The organizations also wants to ban diamond polishing and cutting in Israel. They claim excluding Israel from the diamond processing would be a great chance for the South African authorities to display "moral vision and political leadership".

"The Kimberley Process has played an important role over the past decade in resolving conflicts linked to the diamond trade but there is no doubt that it has to be reformed... [by] expanding the definition of conflict to include human rights abuses linked to diamond extraction perpetrated by governments and companies; and expanding downstream monitoring so that the process covers not just the rough diamond trade but also the international movement and polishing of diamonds," Southern Africa Resource Watch director Claude Kabemba told the Business Day newspaper. 

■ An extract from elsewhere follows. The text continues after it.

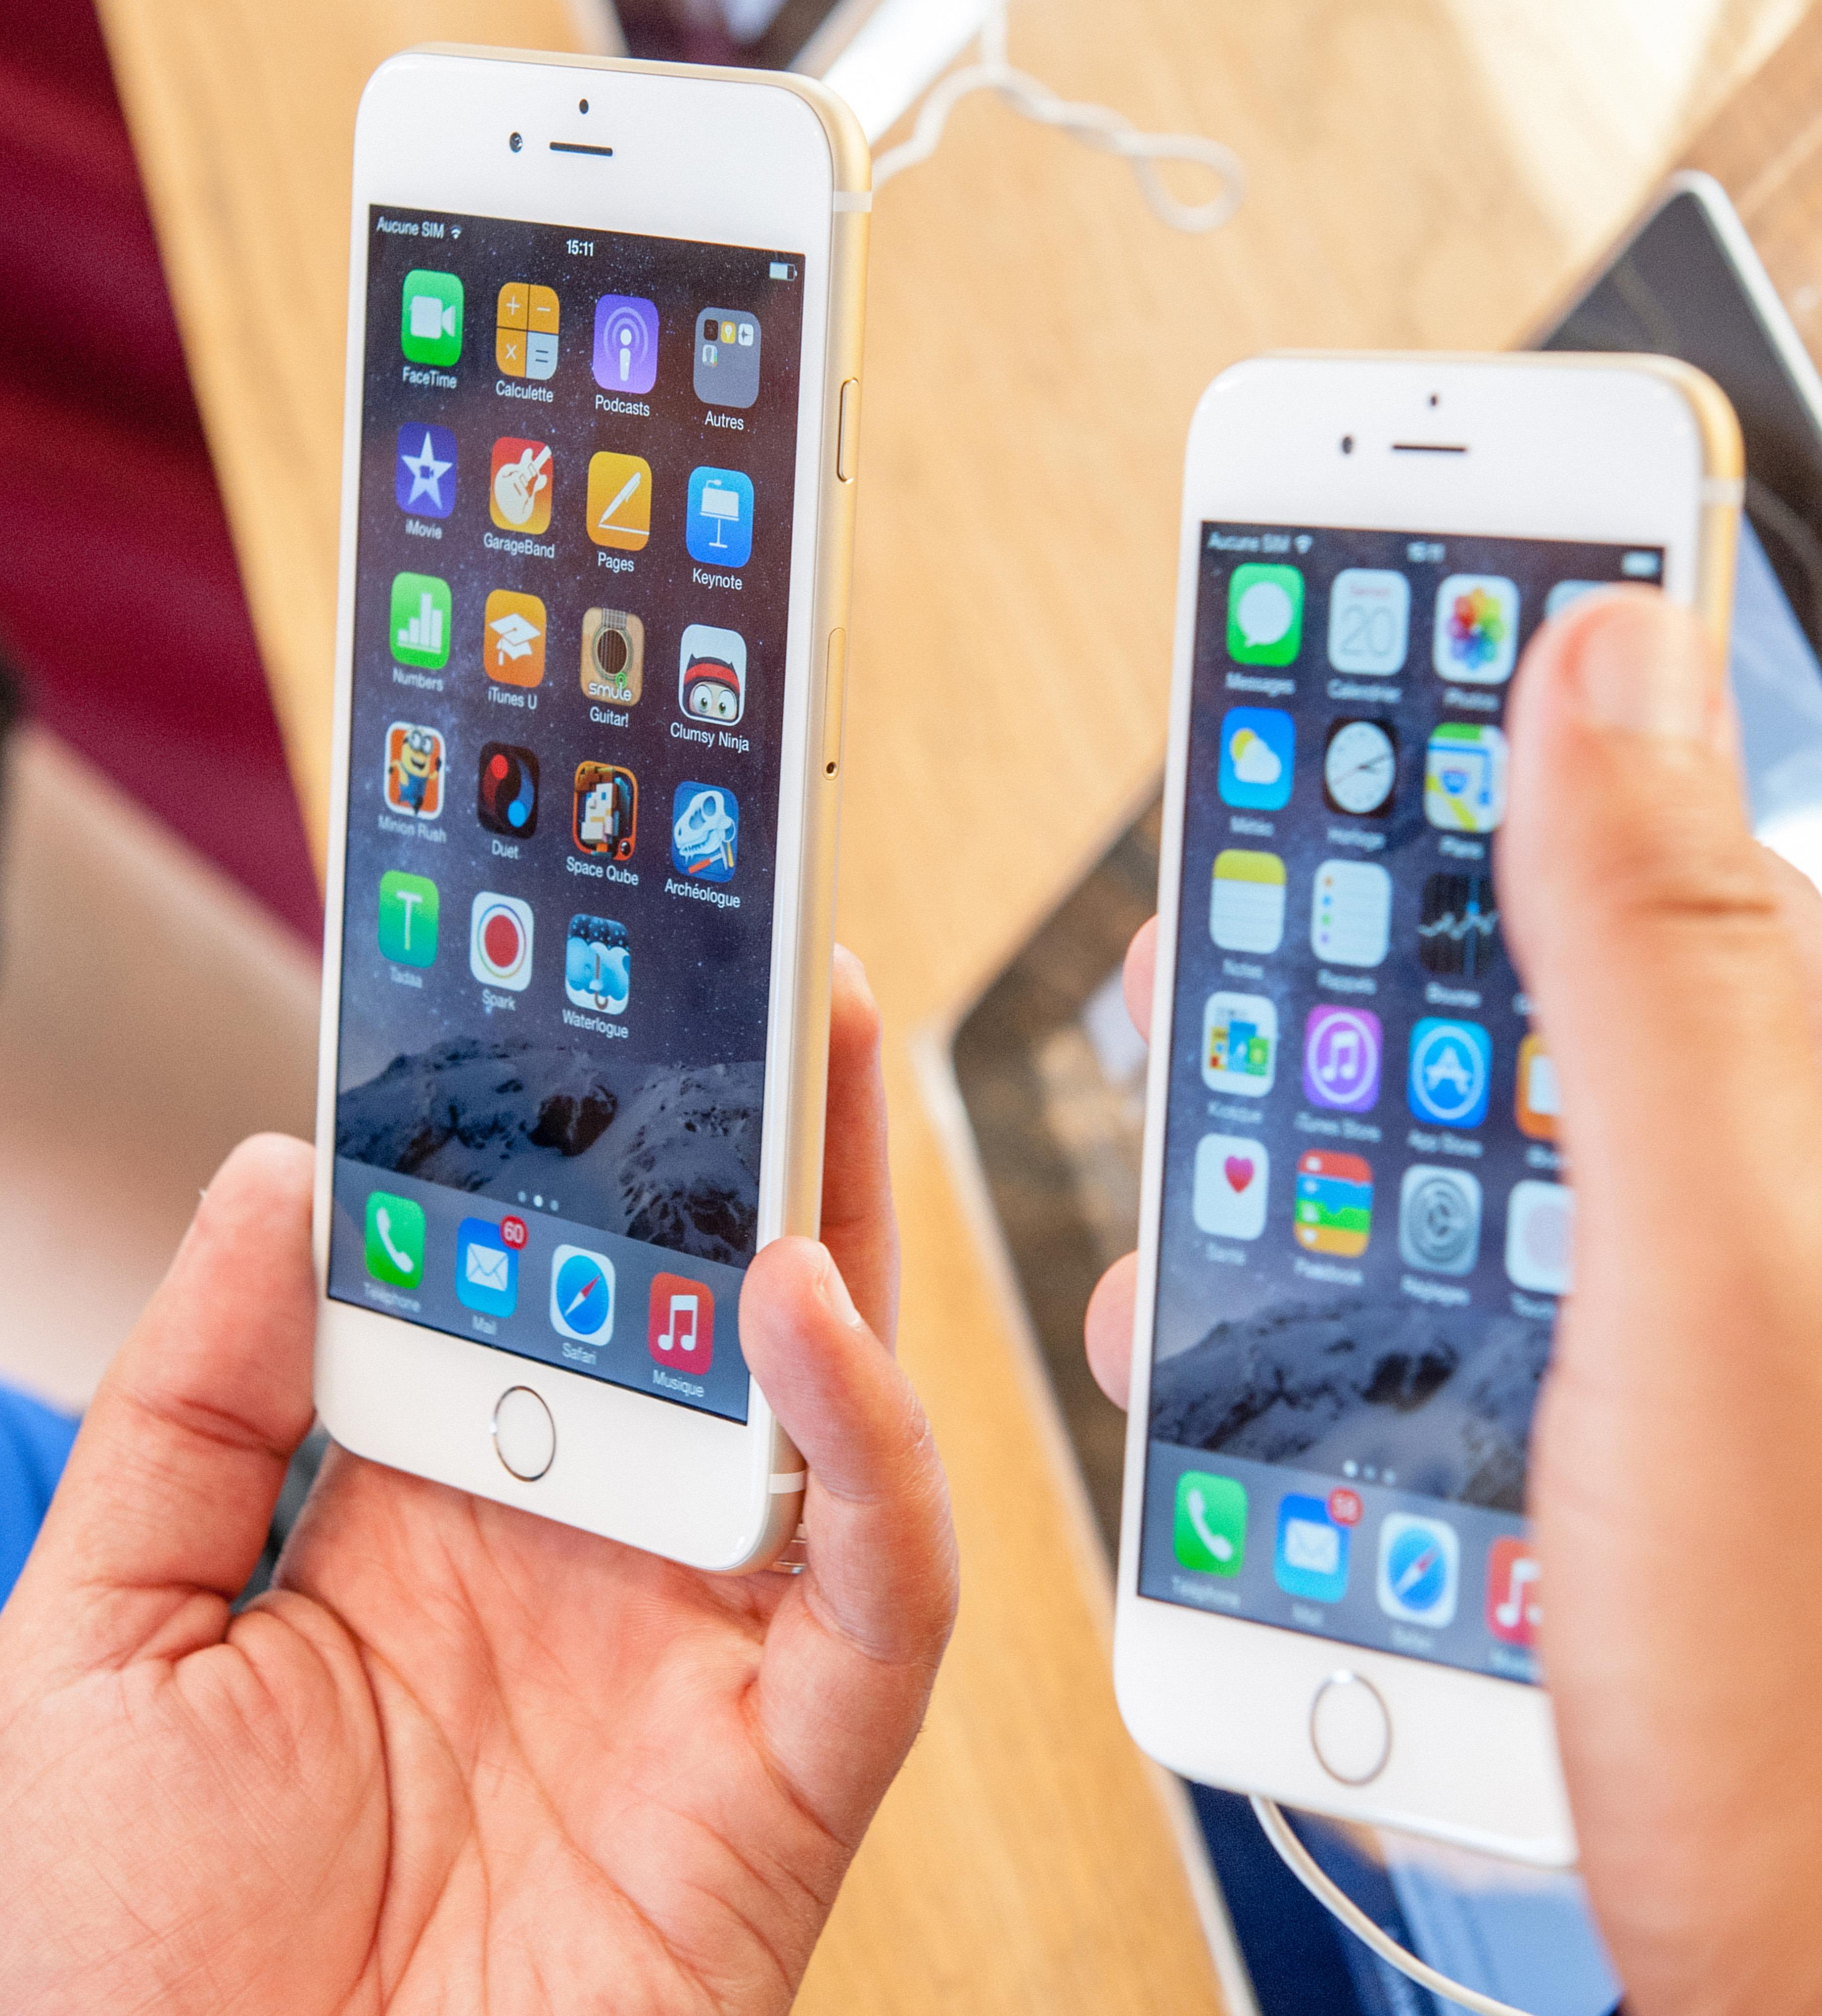 Med overgangen til iOS 8 er kryptering automatisk aktivert for alle iOS-enheter. Har du en eldre enhet bør du aktivere kryptering, eller fylle opp lagringsplassen før du eventuelt gir fra deg telefonen.Foto: Hadrian / Shutterstock.com
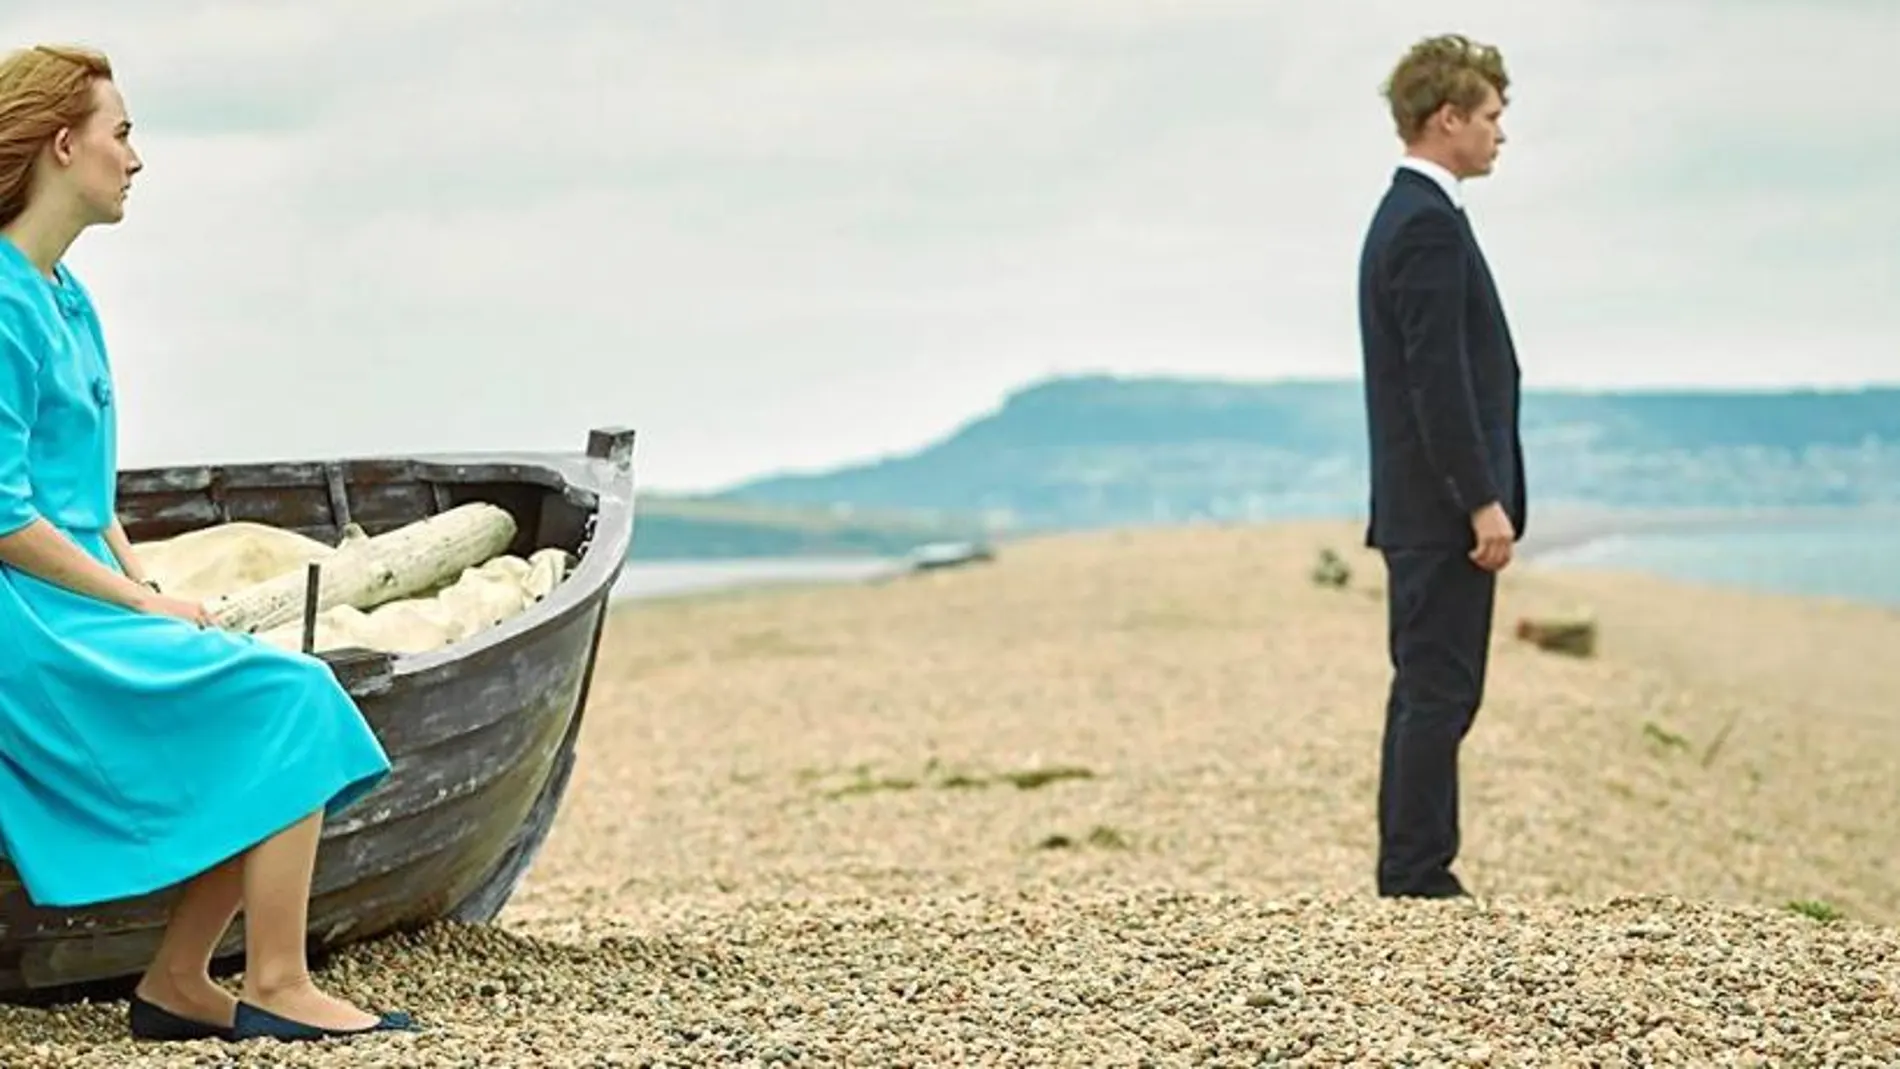 Saoirse Ronan y Billy Howle en una de las escenas de la película grabadas en la playa de Chesil, que da nombre a la película y es punto de inflexión en la historia.

The coalition also pointed to the local benefits of such a move, claiming it could bring more diamond processing jobs back to South Africa. "Consumers will have a clear conscience that their diamonds are not funding, assisting or in any way involved with the illegal Israeli occupation of Palestine, and more jobs will be created locally for our people by bringing this diamond processing back home instead of it being done in Israel," South African activist Mbuyiseni Ndlozi is quoted by the Middle East Monitor as saying.

The Kimberley Process, established a decade ago to help resolve international diamond trade conflicts and to ensure that the diamond trade is not used as an instrument to fund military rebellions and other violence interfering with human rights. The organization includes 54 participants representing 90 countries while its members account for about 99.8 percent of the global production of rough diamonds, the Middle East Monitor reports.